Вдруг что-то кольнуло под сердцем. Какая-то заноза появилась там и теперь шевелилась, пытаясь рассказать что-то нехорошее. Что-то должно было случиться. Что-то очень поганое. Дима остановился и недоверчиво оглянулся: опасность грозила не ему, а… получалось, что его другу! Странно, конечно, раньше такого чувства у него не было, а тут вдруг появилось. Что за странные волнения?

Дима в нерешительности остановился, даже сделал шаг вслед за Романом, потом помялся, развернулся идти всё же к увидавшей его Инге… как вдруг до него донёсся совсем недалёкий рёв клаксона и визг тормозов.
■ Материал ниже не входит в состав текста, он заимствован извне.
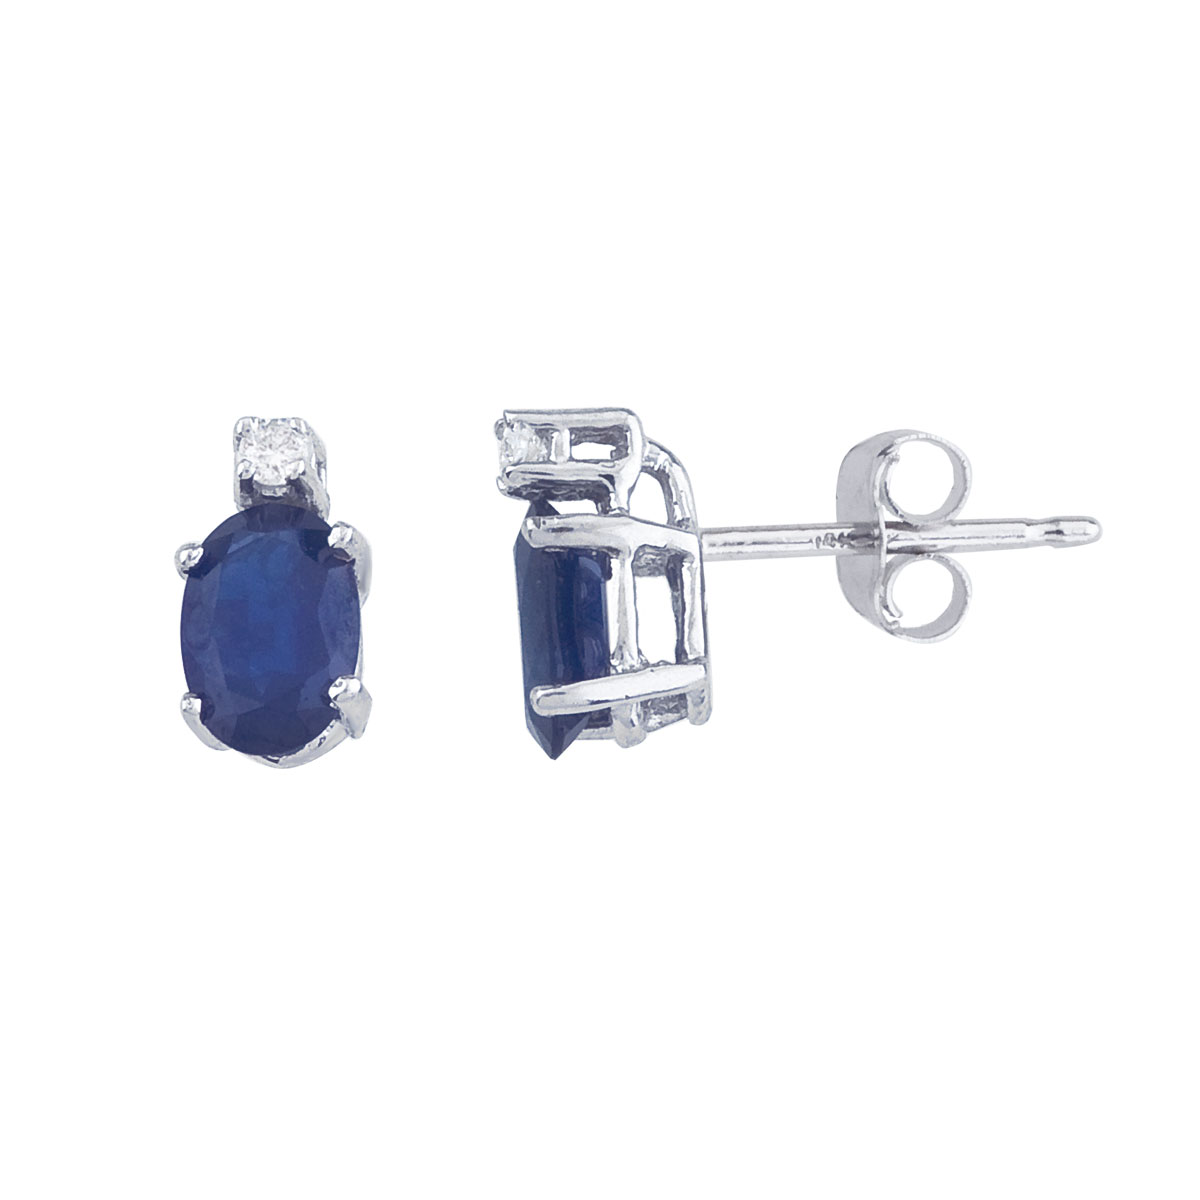 JCX2319: These 6x4 mm oval sapphire earrings are set in beautiful 14k white gold and feature .04 total carat diamonds.

Не отдавая себе отчёт в том, что делает, Суперпупс тут же влетел в ускорение, крикнул изменившейся в лице Инге: «Догоняй!», а ноги уже несли его тело именно туда, откуда донёсся звук пока ещё только возможной аварии. Почему эта авария должна была случиться именно с его другом, а не с кем-то ещё? Ответа на этот вопрос Суперпупс не искал, он просто знал, что так оно и есть, что не зря его кололо под сердце. А ведь у Ромы в машине дети!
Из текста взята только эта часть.